I pay $10 for a hair cut, and tip a buck. The only way I'm paying 10 more is if I get a pleasantry down below.

(My posts have a theme tonight, if you didn't notice)

ENDelt260
11-06-2005, 03:56 AM
Wow... tk13 must've gotten some really shitty haircuts in his life.

tk13
11-06-2005, 04:17 AM
Wow... tk13 must've gotten some really shitty haircuts in his life.
ROFL I was waiting for that. I probably have though. I've got real thick hair, some people have trouble with it.

Extra Point
11-06-2005, 07:12 AM
You got the VVAHC's name. Call in and ask for her, your next time you want (a) trim. Did you see that here work was good, at least the haircut?

Consistent1
11-06-2005, 08:17 AM
Interesting story, and I am sure many of us have been there. In reality, getting a good haircut should be the goal, but having the "hot chick" do it is more appealing. In all honesty, the people that requested her did nothing wrong, they just planned ahead to avoid the minor drama that we see here.

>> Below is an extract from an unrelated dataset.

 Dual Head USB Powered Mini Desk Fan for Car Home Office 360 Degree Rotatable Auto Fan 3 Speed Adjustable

Your post reminds me of myself and my thought process at many times. You are basically over thinking something simple. Just go request the girl next time....

the Talking Can
11-06-2005, 08:35 AM
do they offer a "happy ending" after the massage?

Skip Towne
11-06-2005, 08:48 AM
Nope, the convienience store clerk with nice boobs story is better....




(n00b) :)
Yep. Boobs trump haircuts every time. Hell, boobs trump everything.

joesomebody
11-06-2005, 10:32 AM
Rain Man...

When I was stationed in Japan the base barber shop was without doubt the best place for a haircut that I have ever experienced.

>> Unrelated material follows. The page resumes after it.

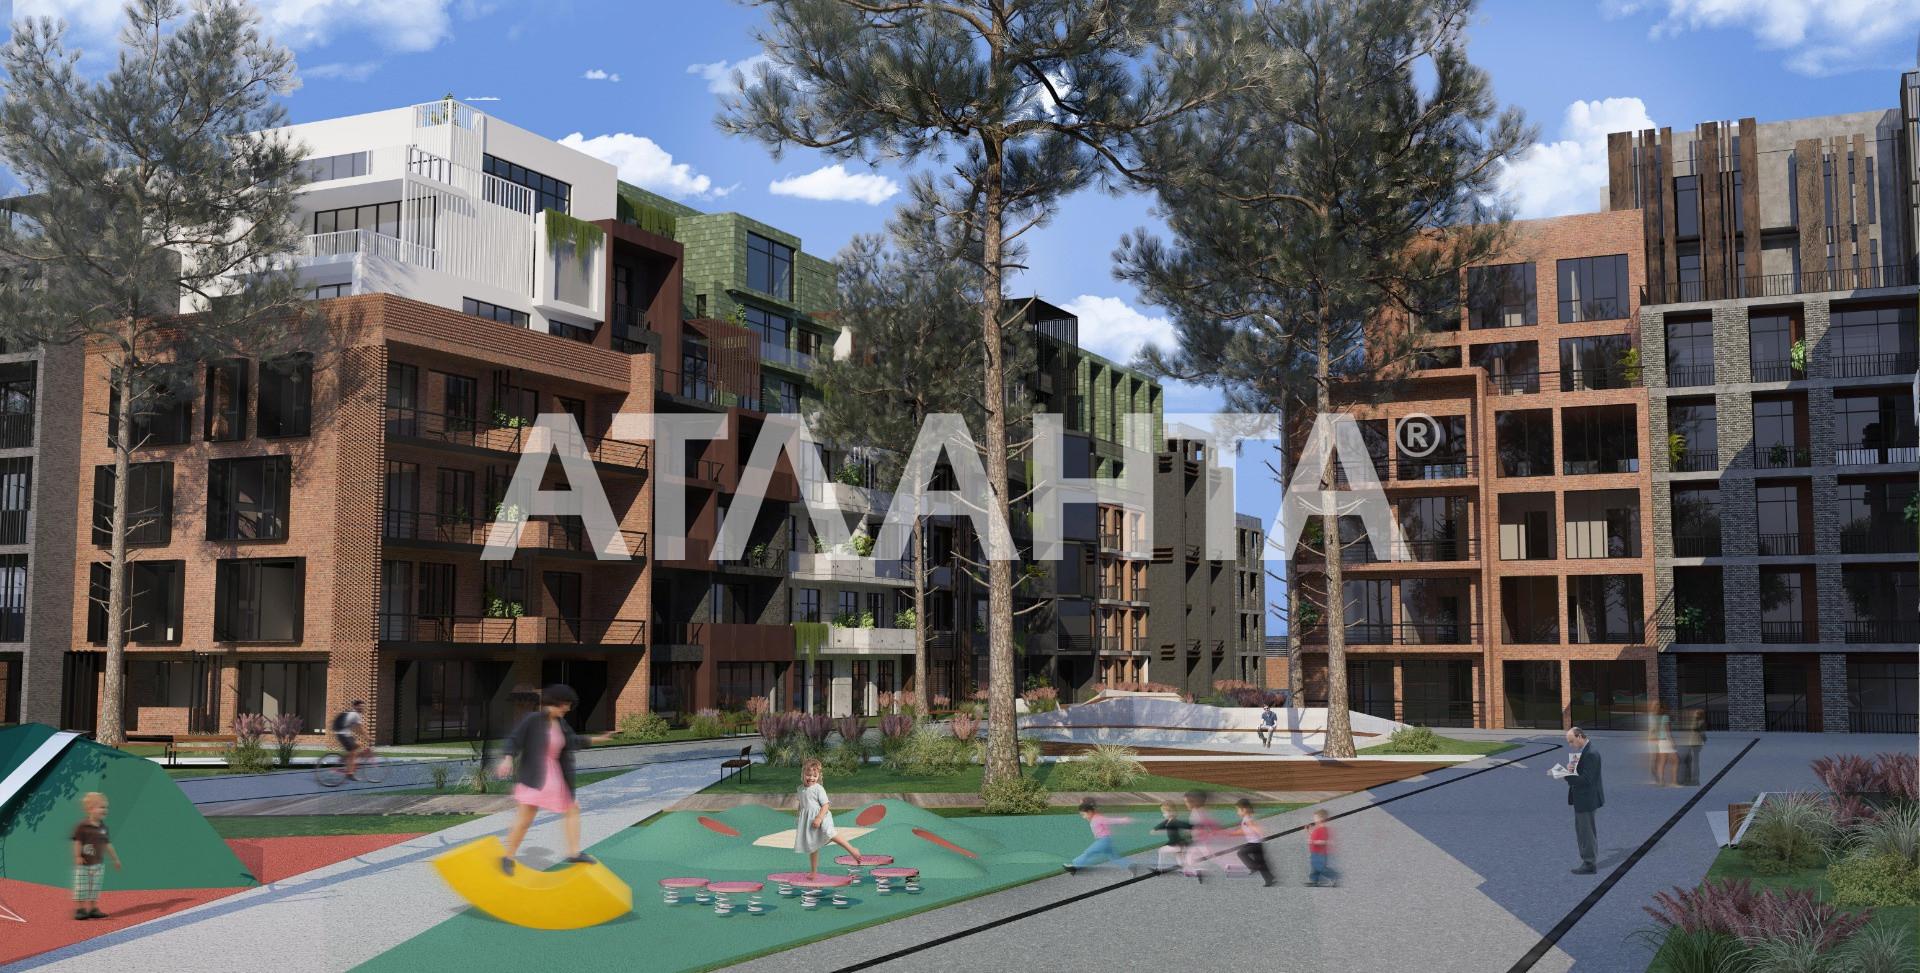 Продается 1-комнатная Квартира на ул. Донского Дмитрия — 71 280 у.е. (фото №2)

They too had the shoulder massage, which is the first, and only, hair cut enterprise of my limited experience that practiced this. Given your particular barber shop, I would probably choose as you did, opting out of the massage if it were a male barber.

In Japan however, the majority of barbers are still male, and the two females whom worked at the barber shop were at least in their 60s. In fact, everyone that worked there was at least 55; and being 20-22 while I was stationed there, 55 seemed ancient and grandfatherly.

Because of the language barrier, I'm not even sure you could opt out of the massage, so this may be a moot point.

Now with the background, I pose the following question:

Without their being anything remotely sexual about a shoulder massage from people that are close to your grandparentís age, would you still be hesitant to get a shoulder massage based on gender of the barber?